Ci sono lo stesso delle descrizioni e sensazioni interessanti, moltissime, ma ho trovato i pensieri confusi e la storia noiosa, da ultimo non so se l’ho capita e questo mi rode.
Comunque dalla “Nube Purpurea “ (*) ho riportato ottimi ricordi e la sensazione di una storia grande e matura (dalla fine insipida) e da qui? Solo il tempo…
(*) La Nube Purpurea (The Purple Cloud, 1901, di Matthew Phipps Shiel)
«Camminare di notte per le strade di Perla era un tormento. Ai sensi acuiti si aprivano gli abissi più raccapriccianti. Dalle finestre chiuse da inferriate e dalle aperture delle cantine uscivano gemiti soffocati, così che si pensava involontariamente a strangolamenti e delitti….. I portoni si spalancavano sul passante frettoloso come se volessero inghiottirlo. Voci invisibili attiravano verso la riva del fiume….. perfino il mulino non era silenzioso, ma cicalava pettegolo per tutta la notte…..
[ A casa ] O scricchiolava un armadio o si spezzava un bicchiere.»
«Al di sopra di ogni altra cosa imparai ad apprezzare il valore dell’indolenza. A un uomo pieno di vitalità occorre, per conquistarla, il lavoro di tutta una vita. Una volta che se n’è gustata la dolcezza, non si può più staccarsene, anche se ciò costa lotte continue. Anch’io cercai allora di immergermi per ore nella contemplazione di sassi, di fiori, di animali e di uomini. Il mio potere visivo ne risultò acuito, come già lo erano l’odorato e l’udito.
….. I sensi, affinati, influenzarono un po’ alla volta l’apparato mentale e lo modificarono. Acquistai una capacità sorprendente di meraviglia. Ogni oggetto, avulso dal rapporto con le altre cose, assumeva un significato nuovo. Il fatto che un qualsiasi corpo arrivasse a me dall’eternità, mi faceva rabbrividire.
….. Sentivo sempre più il legame comune che c’era in tutte le cose. I colori, gli odori, i suoni e i sapori erano per me intercambiabili. E allora compresi: Il mondo è forza d’immaginazione, immaginazione-forza.

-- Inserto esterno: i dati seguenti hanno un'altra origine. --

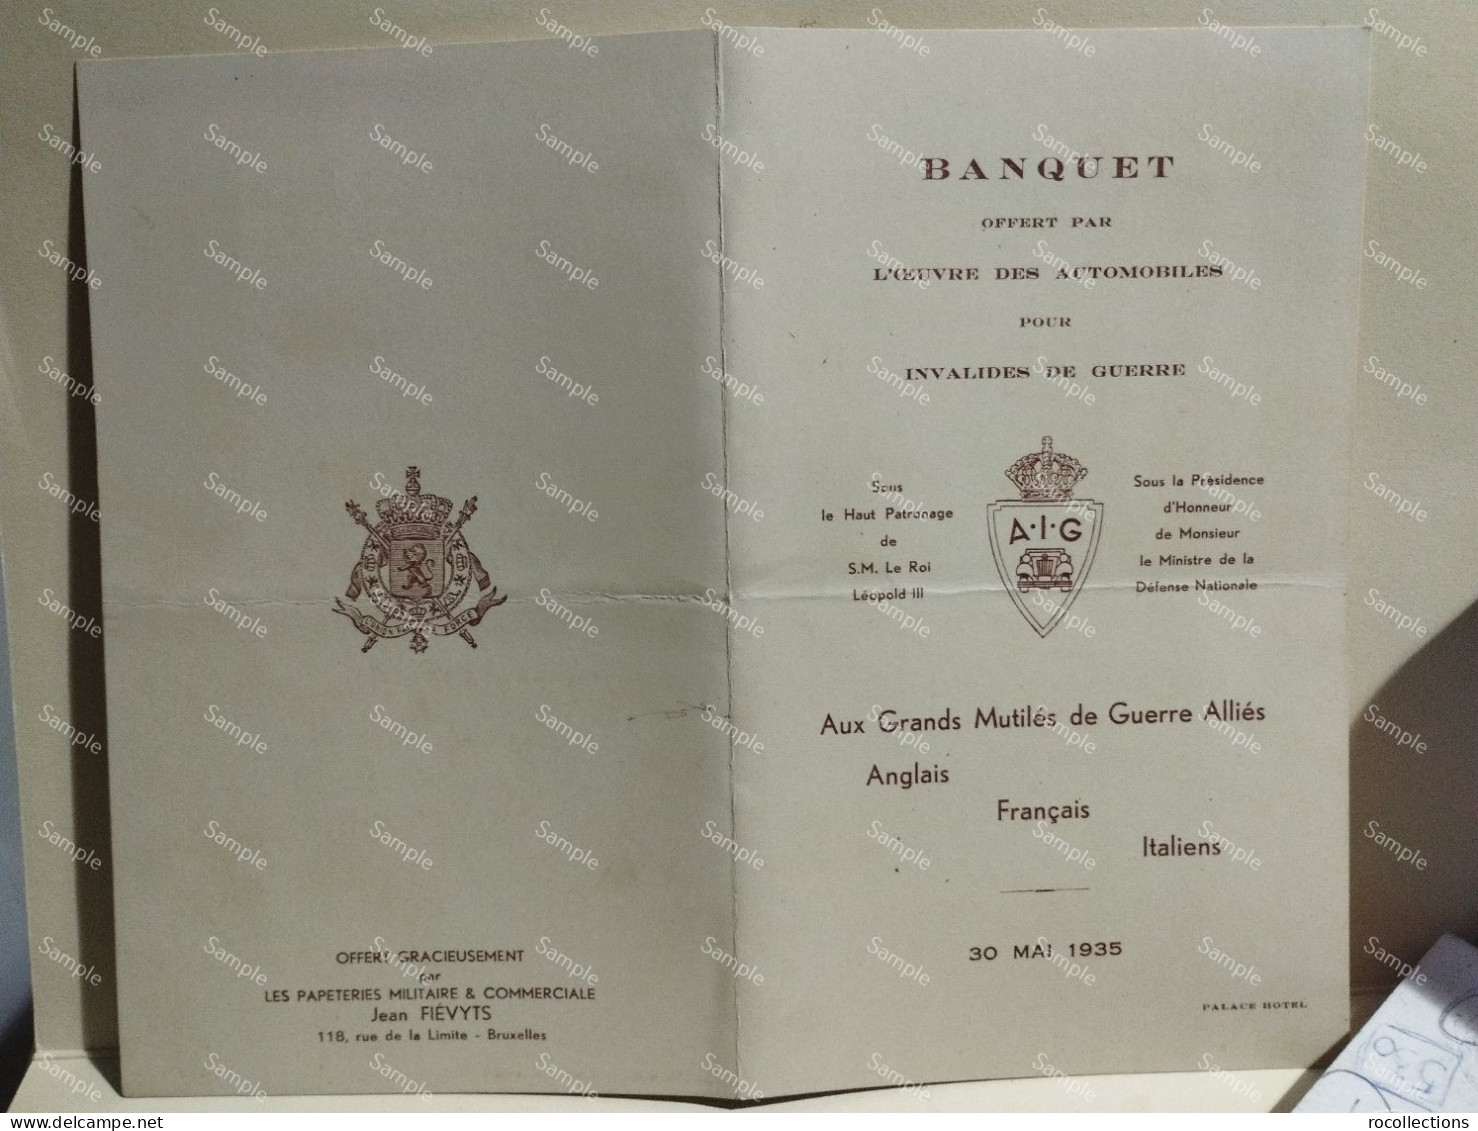 France Menù Programme BANQUET Invalides De Guerre Annglais Francais Italiens 30 Mai 1935 Palace Hotel Bruxelles. Signed - Menükarten

….. Il nulla era inflessibile, non voleva niente, e così la forza d’immaginazione cominciava a ronzare e a vorticare, assumeva forme, suoni, odori e colori a tutti i livelli: ed ecco il mondo. Ma il nulla inghiottiva di nuovo tutto il creato e il mondo si faceva debole e pallido, la vita si arrugginiva, ammutoliva e si disgregava, era, di nuovo, nulla; e poi tutto ricominciava daccapo. Si spiegava così perché tutto fosse concatenato, e fosse possibile un cosmo (*).
Tutto ciò era terribilmente intessuto di sofferenza. Quanto più si cresceva, tanto più profonde dovevano essere le radici. Se voglio la gioia, devo volere insieme anche il dolore. Nulla o tutto. La causa prima doveva risiedere nella forza d’immaginazione e nel nulla; forse erano una cosa sola.
Chi ha afferrato il proprio ritmo, può calcolare approssimativamente quanto dureranno per lui il tormento o il dolore.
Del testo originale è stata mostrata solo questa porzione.